(INFORMATION SUPPLIED)
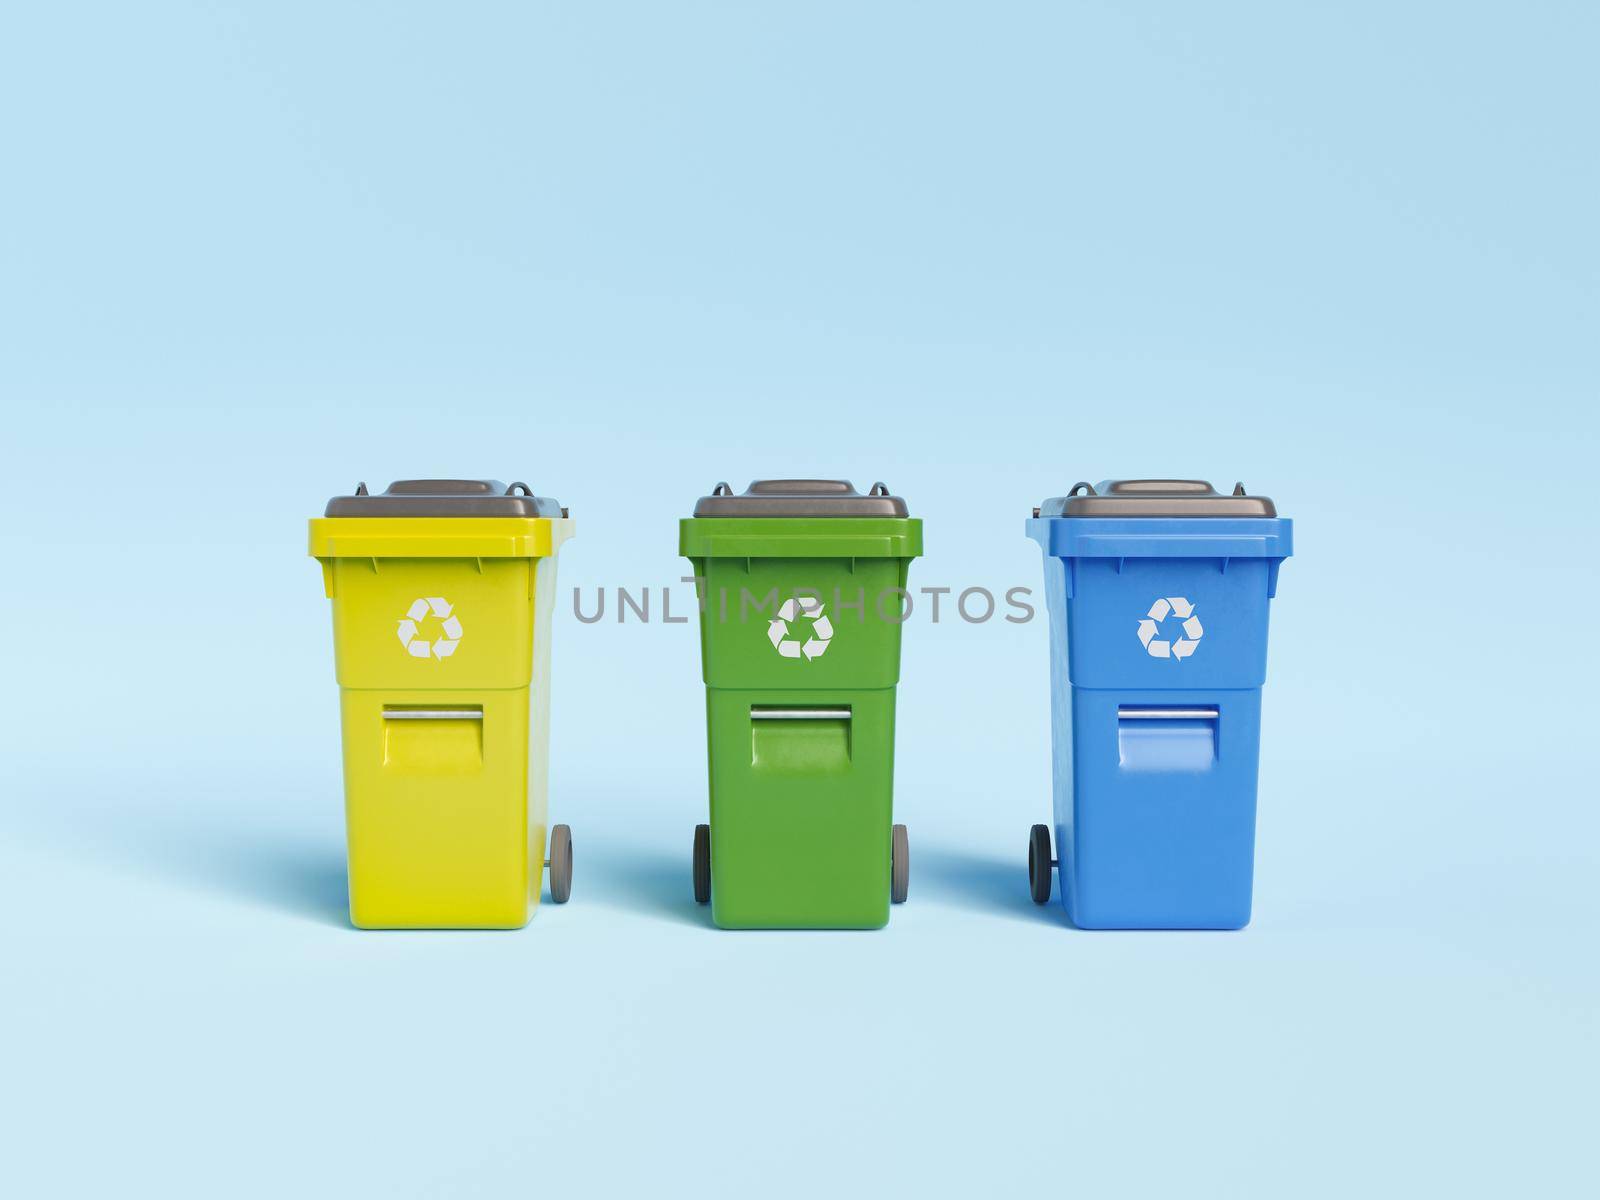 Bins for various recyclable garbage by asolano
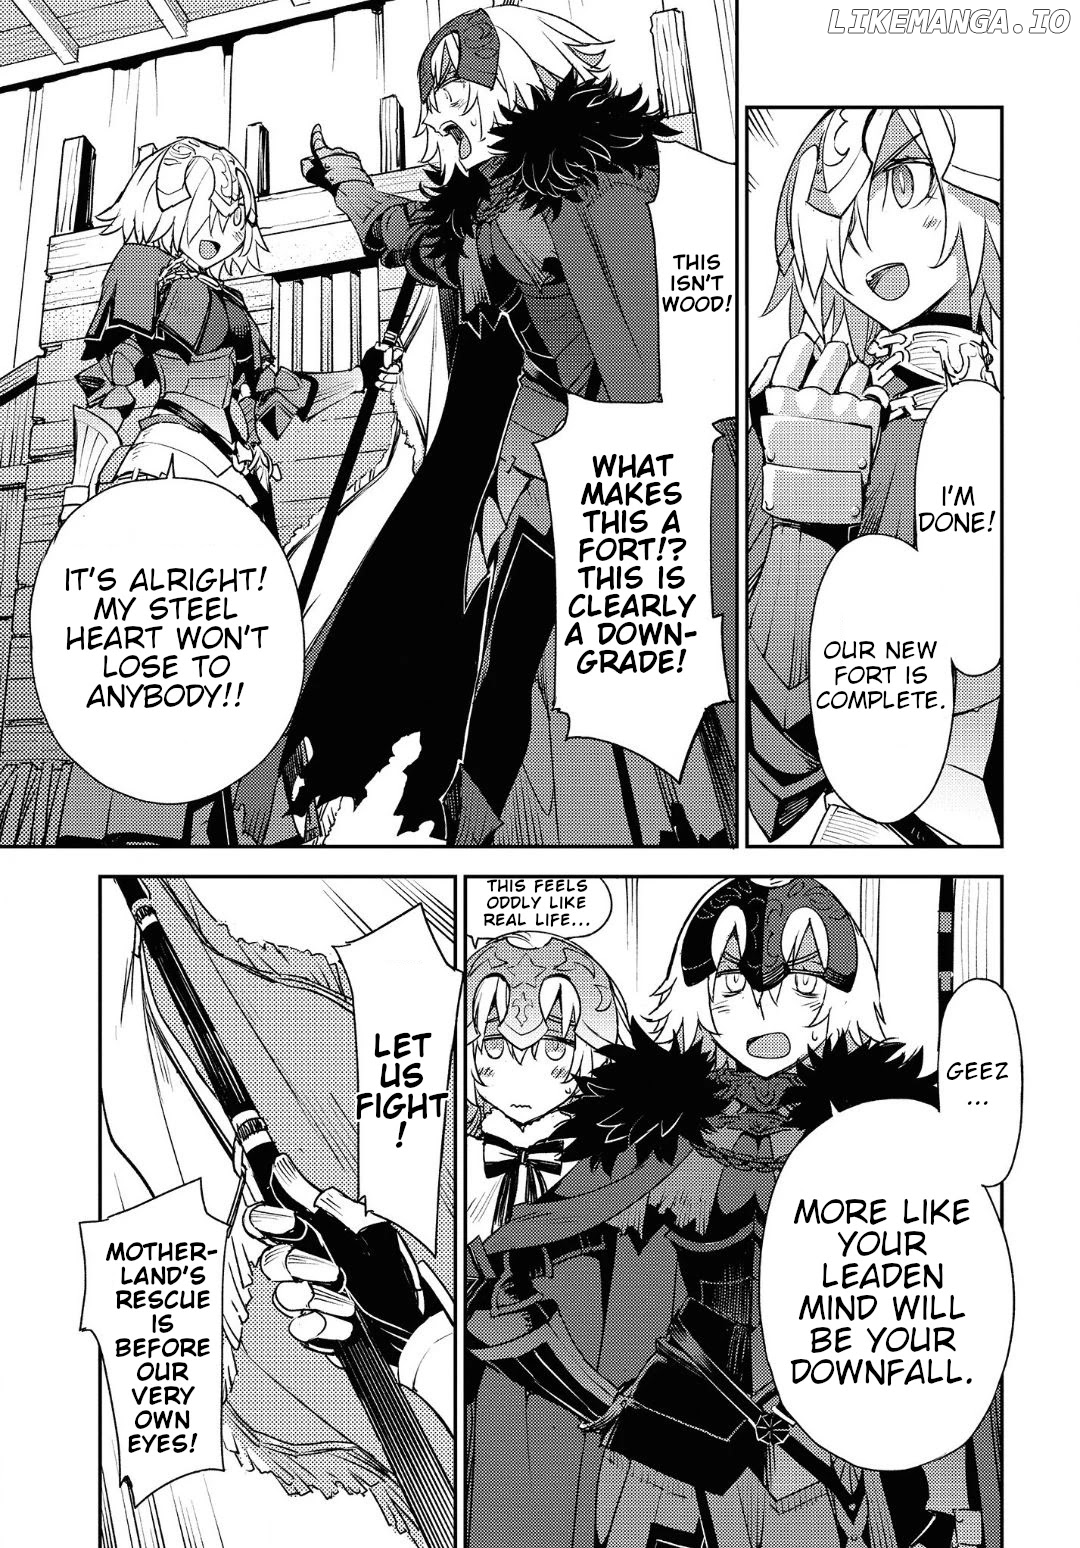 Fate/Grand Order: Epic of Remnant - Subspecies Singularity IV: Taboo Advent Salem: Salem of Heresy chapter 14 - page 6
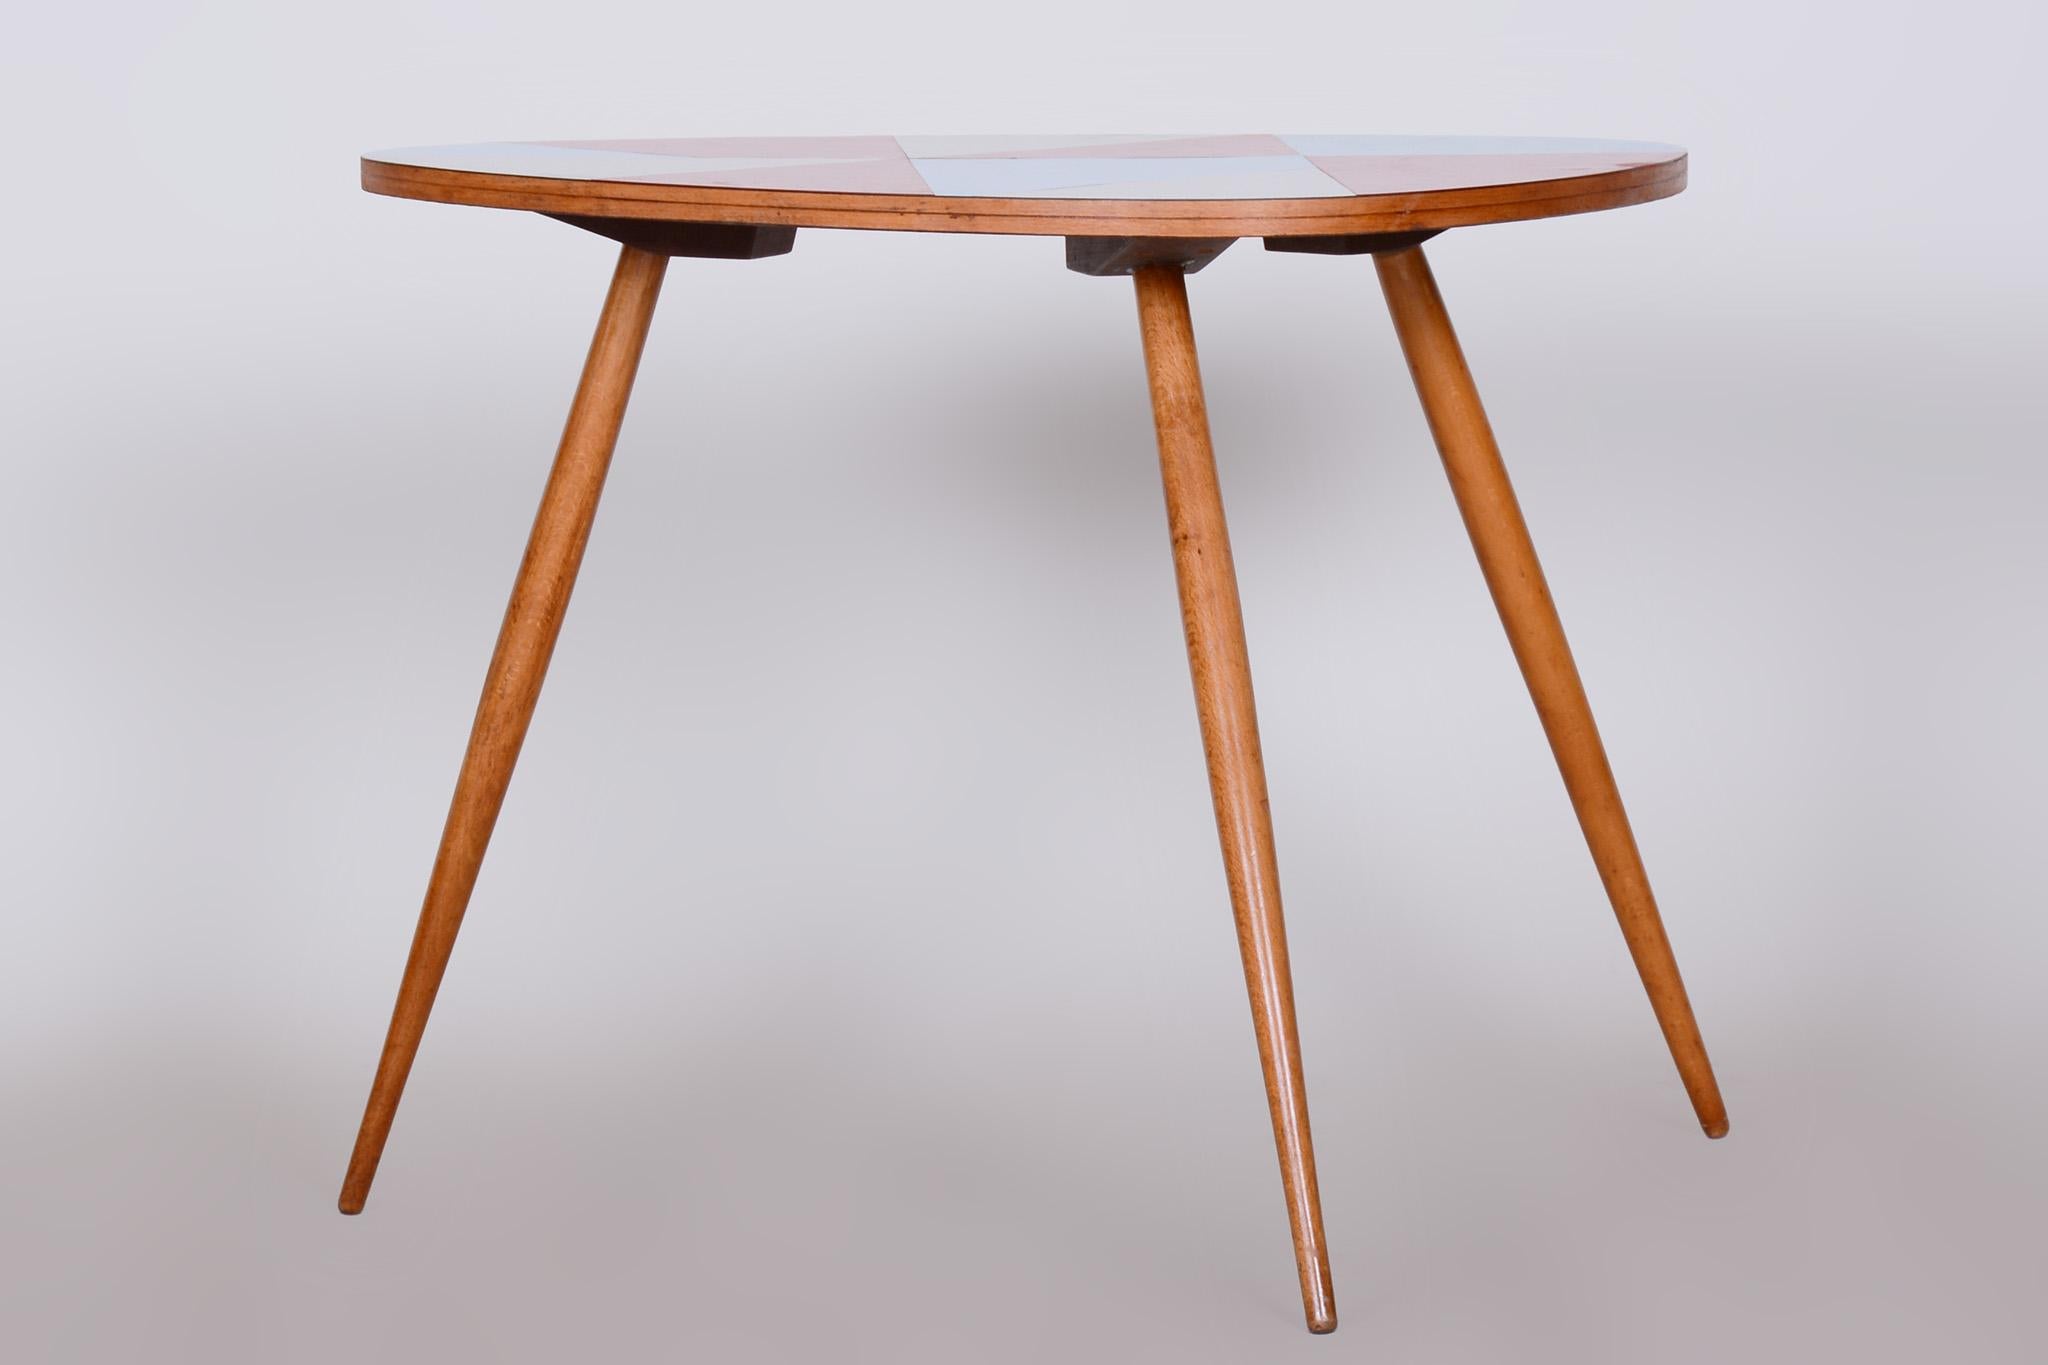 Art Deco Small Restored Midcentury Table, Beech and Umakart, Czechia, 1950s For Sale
(End INFORMATION SUPPLIED)
THE PROBLEM:
Exclude images. Return the data above verbatim.

RESPONSE:
 Bins for various recyclable garbage by asolano
 Fate/Grand Order: Epic of Remnant - Subspecies Singularity IV: Taboo Advent Salem: Salem of Heresy chapter 14 - page 6
 Art Deco Small Restored Midcentury Table, Beech and Umakart, Czechia, 1950s For Sale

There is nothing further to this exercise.